Heavy on action, light on…pretty much everything else
|Adam Cheng as General Yang|
|Xu Fan as Mrs Yang|
|Seven handsome blokes as General Yang’s sons|
|Ady An as Princess Chai Latte|
|with Shao Bing as Yelu Yuan|
I‘m not normally able to watch many Hong Kong films, but sometimes, the opportunity presents itself – like when you’re flying from Hong Kong on a Cathay Pacific flight. Go figure. Anyway, my impression of Hong Kong cinema is that they’re very good at action, martial arts and comedy movies (sometimes, a combination of all three if Jackie Chan is involved), and not much else. Saving General Yang is most definitely an action movie. Despite being presented as an epic in the trailer, it never reaches the length and storyline and character depth that is required of it.
First, a bit of background. In the thousands of years of Imperial Chinese history, there have been quite a few legendary stories and some have made it to the mainstream all over the world. Journey to the West for example, has been adapted faithfully and not so faithfully as Monkey and Dragonball respectively. The stories and fables of the Yang family during the Song dynasty in Ancient China is less internationally known, but is still much loved and studied in China. This film is based (pretty loosely it seems) on the fables and legends surrounding General Yang Ye and his sons.
The background of the movie is a invasion into the Song Empire by the northern Khitan nomadic people with a massive army. General Yang gets sent out under the command of someone vastly less competent and far more egotistical and gets trapped in a mountain fortress while his sons fight their way through the enemy blockade to rescue him. What follows is pretty standard fare in an action movie. There’s lots of cool shots of
tomato juice blood, fight scenes with swords, halberds and some kitchen sinks (actually, that last bit isn’t true) and nigh on impossibly hard to kill heroes. Oh and a prophecy that is ultimately misleading (what prophecy isn’t?).

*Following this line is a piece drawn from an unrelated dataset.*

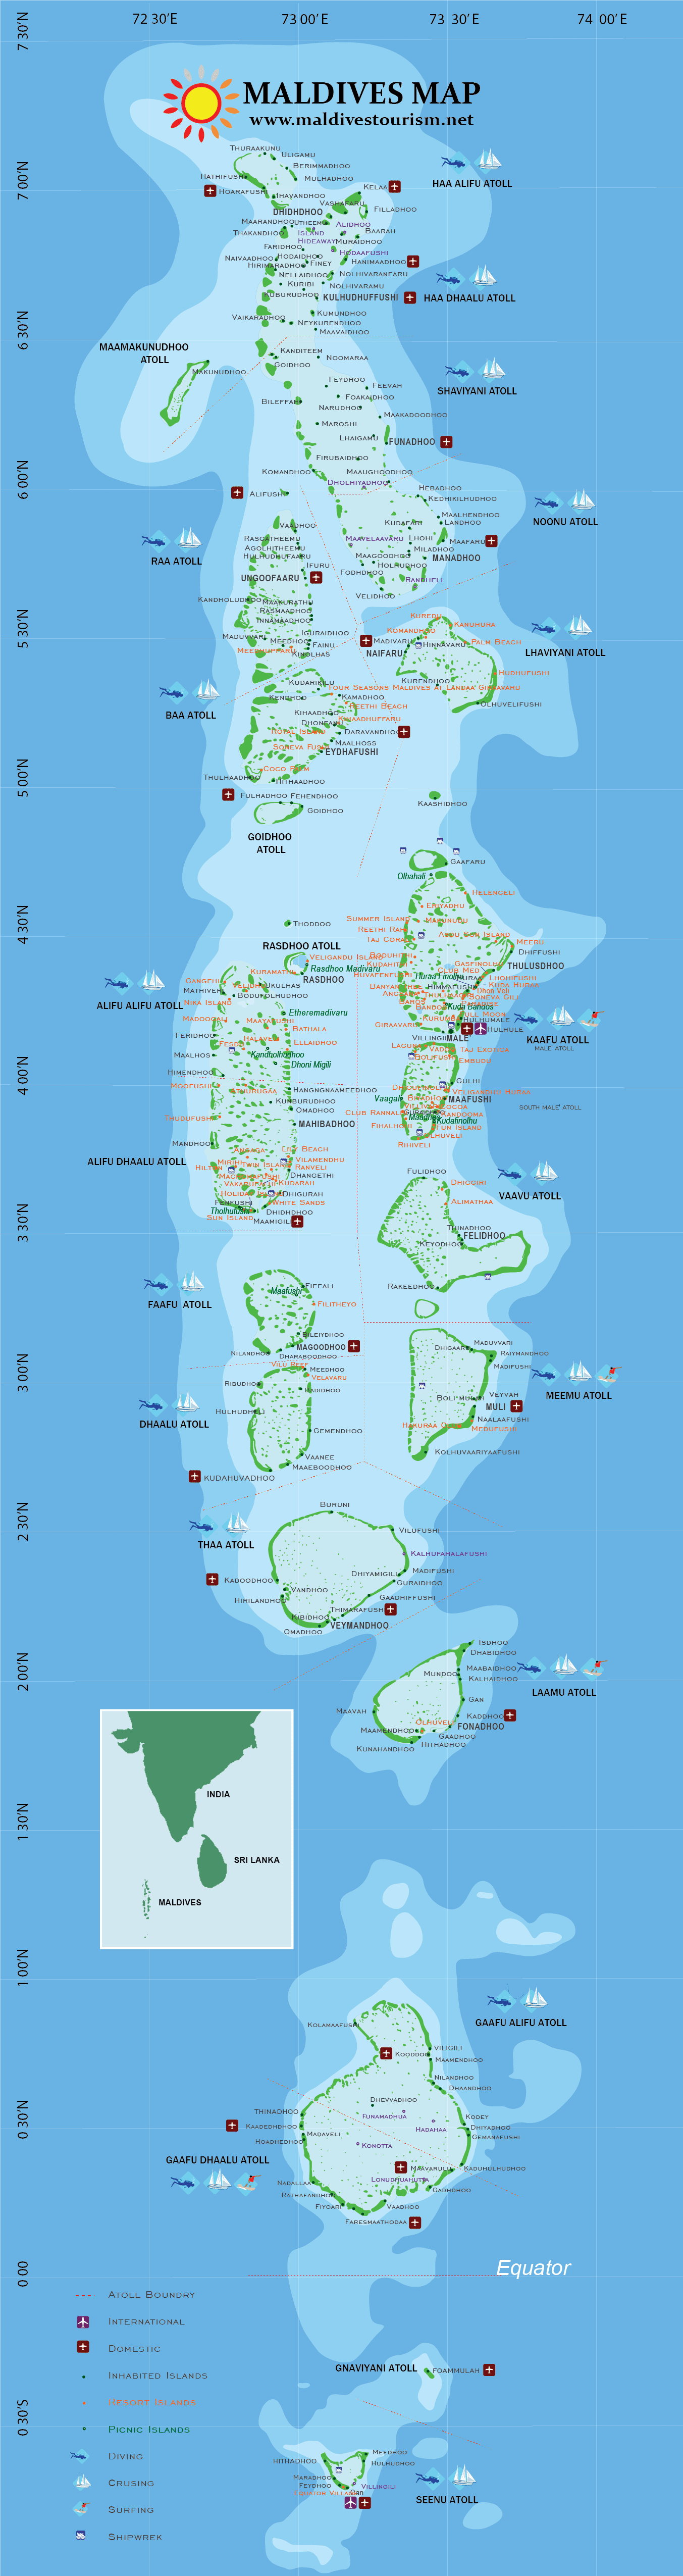 Karte der Malediven

The thing that really irks me is the crass stupidity of some of the characters, leading to some downright stupid scenes on both the good and bad sides of the tale. This is marked abruptly, but in some ways also not so surprisingly when one of our heroes kills one of the bad guy’s lieutenants. Only, ten seconds later, the bad guy spears the hero dead and rides across the screen in his horse, conveniently picking up his spear. I mean, seriously, if you were THAT CLOSE to the fight, why the hell didn’t you help your lieutenant in the first place? This scene epitomises just what’s wrong with a lot of this movie. Characters
die are seemingly sacrificed senselessly like this for storyline convenience or a quick and dirty emotional scene and it would be almost comical were it not for the fact that the movie is entirely serious – apart from that one beheading in the middle.

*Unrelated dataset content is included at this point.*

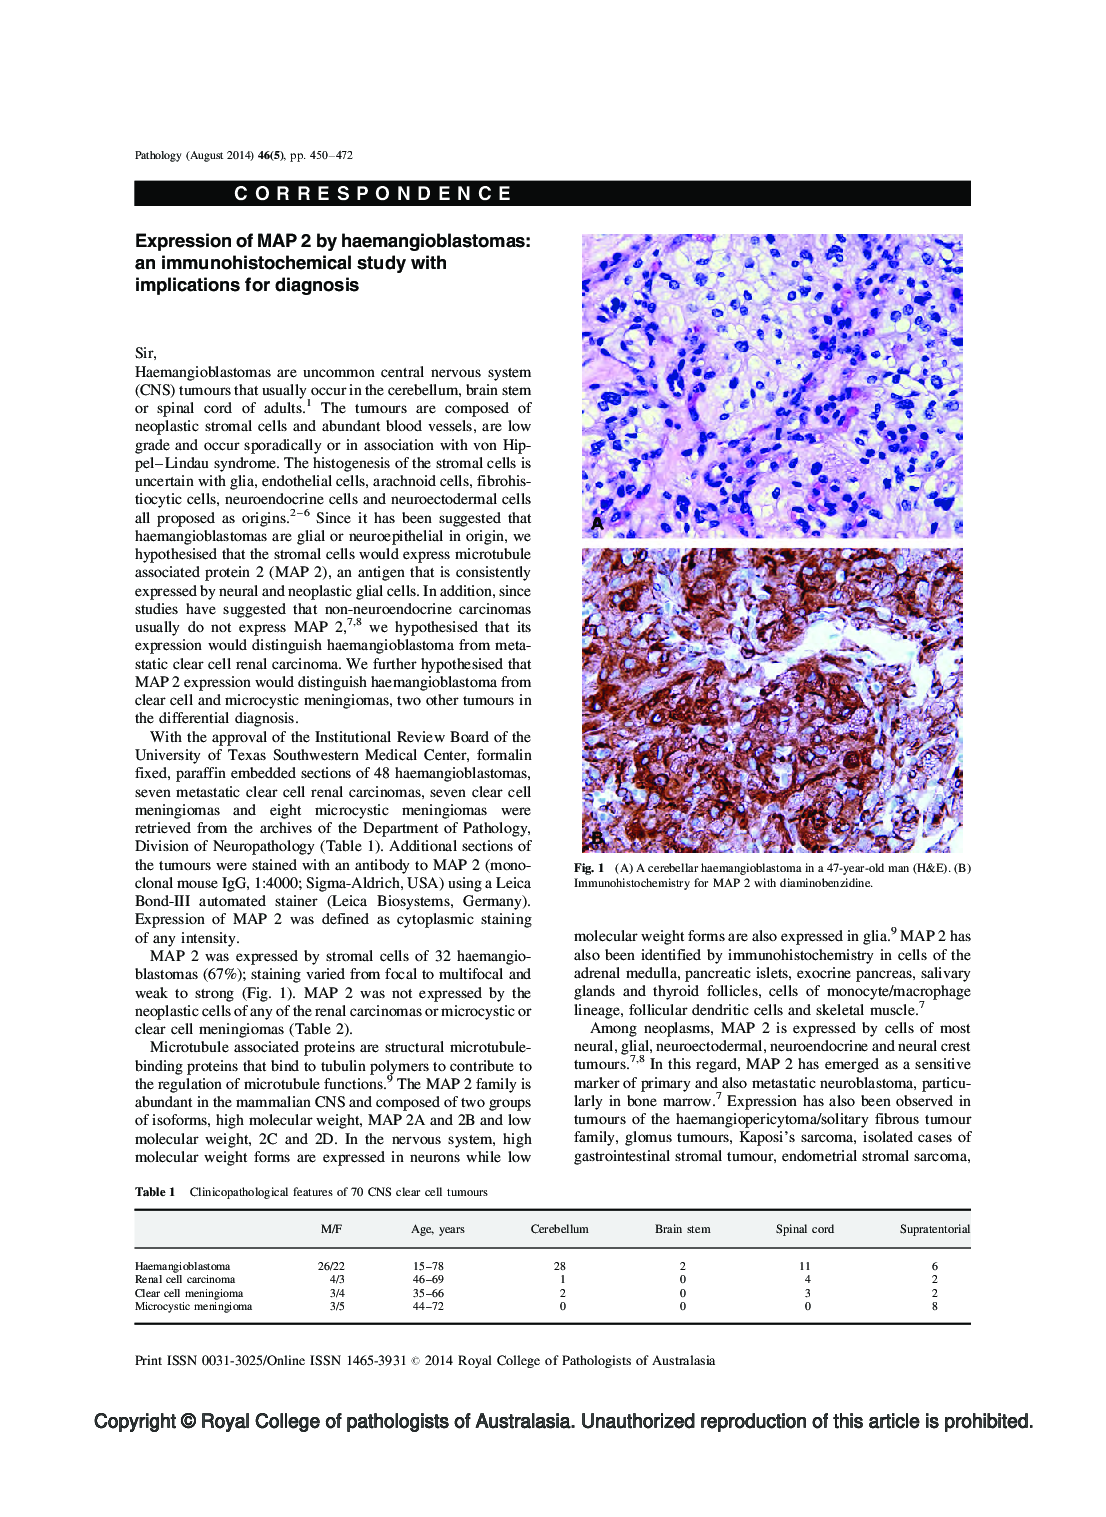 تومور سلول های اسپیندل اولیه هیپولیزین ریه با روت های غول پیکر

At the end of the day, Saving General Yang is indeed a good martial arts and sword fighting action flick. However, if you think going in that it has any deep, weighty statements for further philosophical analysis, then don’t come here. You don’t even get any good political intrigue or real historical lessons. There’s really only one grey character (and he’s the bad guy), everyone else is either good, bad or an idiot and the only comic relief is killed off far before his time. This is the sort of movie that doesn’t reward thinking of any kind and it would rather that you enjoy it for what it is, lots of violence followed by more violence and some pretty boys pouting and staring at things in the distance.
All action, nothing else. The story is cogent, but that’s because there’s not much in it.
Should I watch this?
I was on a plane. I didn’t have much choice. You? If you have a choice, go do something else. Gardening. Reading. Plumbing. Anything.